TensorFlowIO: Corrupted reads of pyspark compressed spark Parquet files

15 views Asked by At

I'm trying to read compressed parquet files containing tf.Examples (serialized to bytes) created by a Spark job.

When I read the compressed files using tfio.IODataset.from_parquet, there is some data corruption once the size of the records crosses a threshold. The bytes read back do not match the input bytes written to the table.

OTOH, if I write the output uncompressed, the bytes read back match the bytes written to the table exactly.

I've observed that there's a threshold at about 5073 records with a total size in the range of ~2,400,000 bytes where the compressed data read back no longer matches the input.

Any ideas what could be going on here?
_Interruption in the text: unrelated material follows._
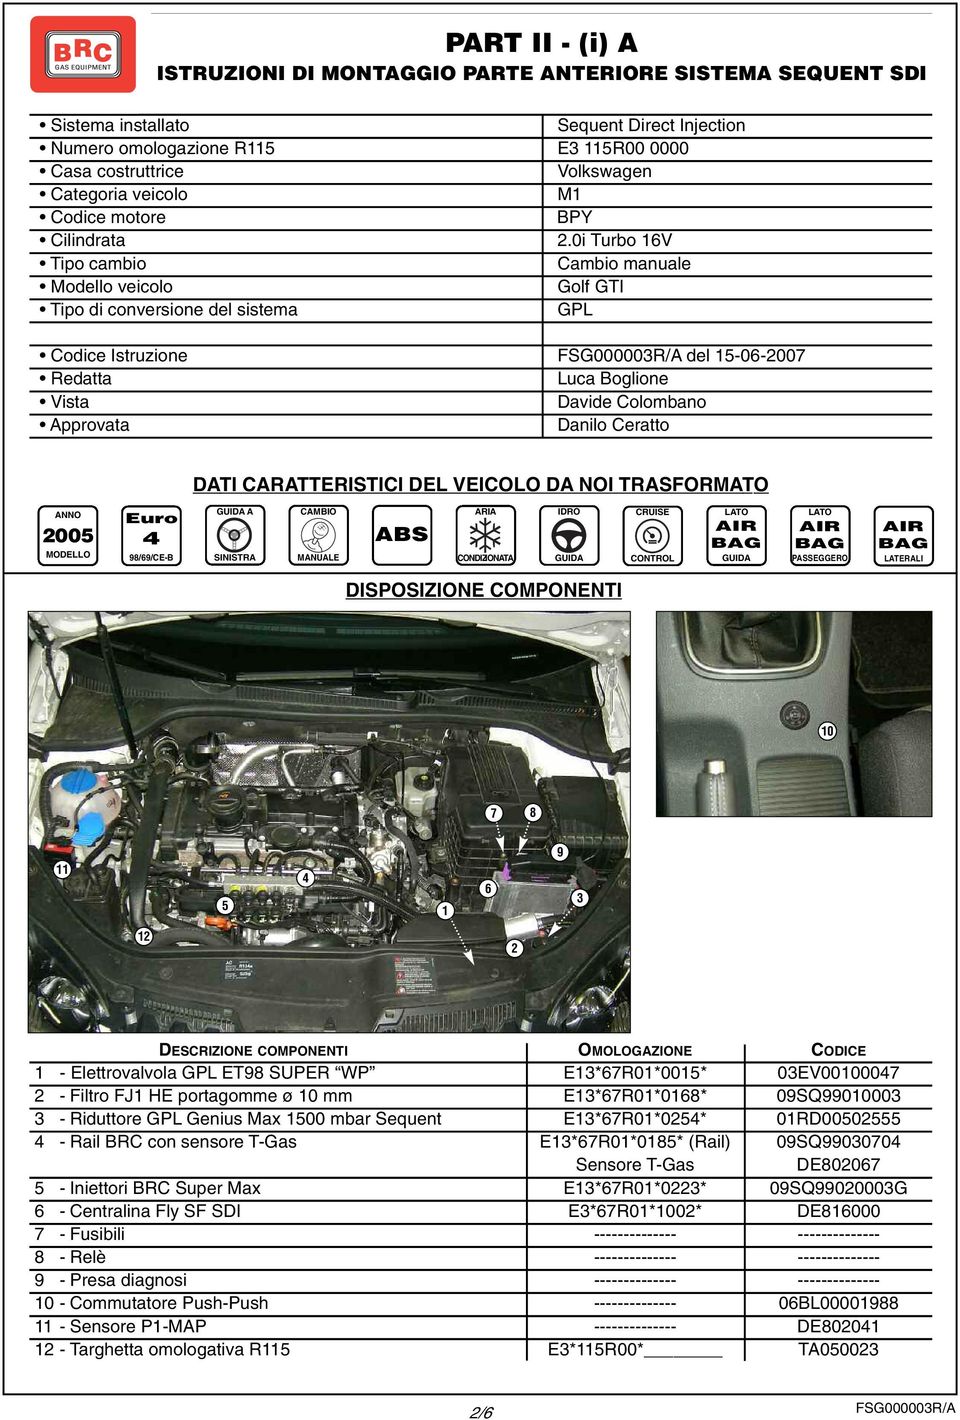 0i Turbo 16V Tipo cambio Cambio manuale Modello veicolo Golf GTI Tipo di conversione del sistema GPL Codice Istruzione FSG00000R/A del 15-06-2007 Redatta Luca Boglione Vista Davide Colombano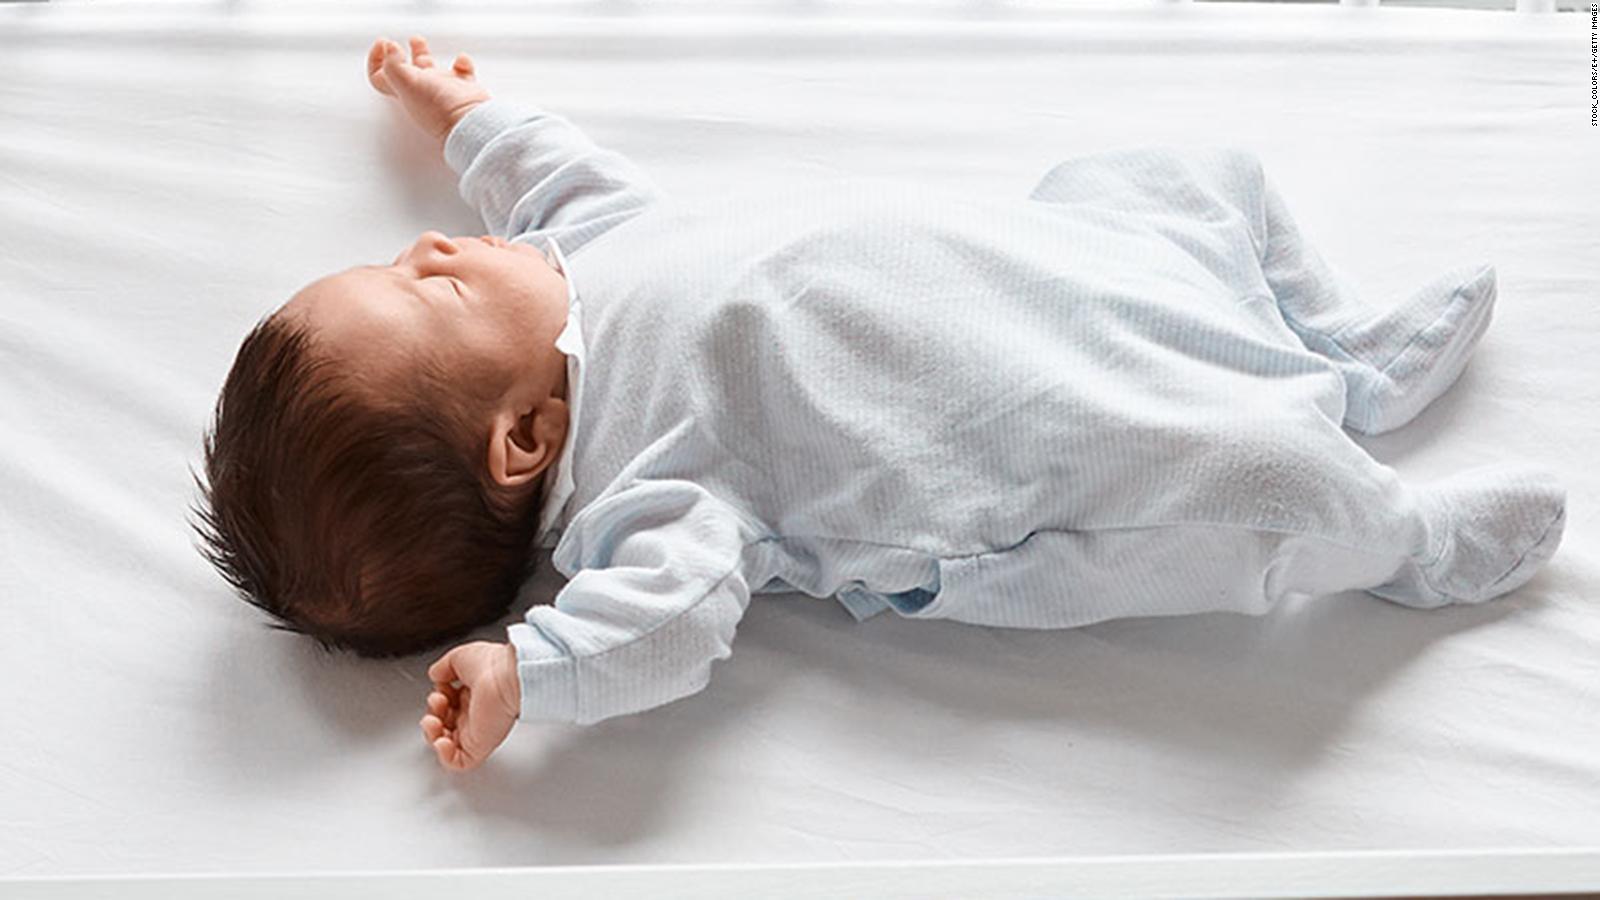 Este colchón vibra si ve riesgo de muerte súbita del bebé

The threshold of 5072 seems arbitrary to me, I have a hard time believing it's a constant which factors into gzip compressed records. It's consistent with a given example schema and varying payload sizes.

If I add or remove features from the example payload, then the threshold will change.

from pyspark.sql import SparkSession
from pyspark.sql.types import StructType, StructField, IntegerType, BinaryType
import random
import string
import tensorflow as tf
import tensorflow_io as tfio

### Step 1: Create the input data
def make_tf_example_list(num):
    out = []
    for i in range(num):
        ex = tf.train.Example()
        ex.features.feature["int_label_1"].int64_list.value.append(random.randint(0, 1))
        ex.features.feature["bytes_label_1"].bytes_list.value.append(str(random.randint(0, 2**64)).encode())
        ex.features.feature["bytes_feature_1"].bytes_list.value.append(str(random.randint(0, 2**64)).encode())
        ex.features.feature["bytes_feature_1"].bytes_list.value.append(''.join(random.choices(string.ascii_lowercase, k=random.randint(0, 100))).encode())
        for i in range(64):
            ex.features.feature["float_feature_1"].float_list.value.append(random.random())
        ex.features.feature["int_feature_2"].int64_list.value.append(random.randint(0, 2**12))
        out.append(ex.SerializeToString())
    return out

NUM_EXAMPLES = 1024*4 + 976
schema = StructType([
    StructField("id", IntegerType(), nullable=True),
    StructField("tf_example", BinaryType(), nullable=True)
])
tf_examples = list(enumerate(make_tf_example_list(NUM_EXAMPLES)))
print("Num examples:", len(tf_examples))
print("Examples bytes:", sum([len(ex) for (i, ex) in tf_examples]))

### Step 2: Write to parquet via spark dataframe
spark = SparkSession.builder.master('test-app').getOrCreate()
out_path_sp_compress = 'file:/dbfs/tmp/out.sp.gz'
df = spark.createDataFrame(spark.sparkContext.parallelize(tf_examples), schema)
df.write.parquet(out_path_sp_compress, mode="overwrite", compression='gzip')

### Step 3: Read from parquet via tfio
filenames = tf.data.Dataset.list_files(out_path_sp_compress[5:] + '/*.parquet', shuffle=False)
ds_sp_compress = filenames.interleave(
    lambda f: tfio.IODataset.from_parquet(f, columns={"id": tf.int32, "tf_example": tf.string}),
    num_parallel_calls=1
)
ex_compress = [(ex['id'], ex['tf_example']) for ex in ds_sp_compress]

### Step 4: Compare input and output data
print("id equal to input:", (tf_examples[0][0] == ex_compress[0][0]).numpy())
print("data equal to input:", (tf_examples[0][1] == ex_compress[0][1]).numpy())

Here are some experiments I've run and the results

Records Size (b) In, Out Match
4880 2310636 Matched
5064 2401177 Matched
5064 2400739 Matched
5096 2415187 Not matched
5096 2414892 Not matched
5080 2406966 Not matched
5072 2404494 Matched
5073 2406032 Not Matched
5072 2407153 Matched
0

There are 0 answers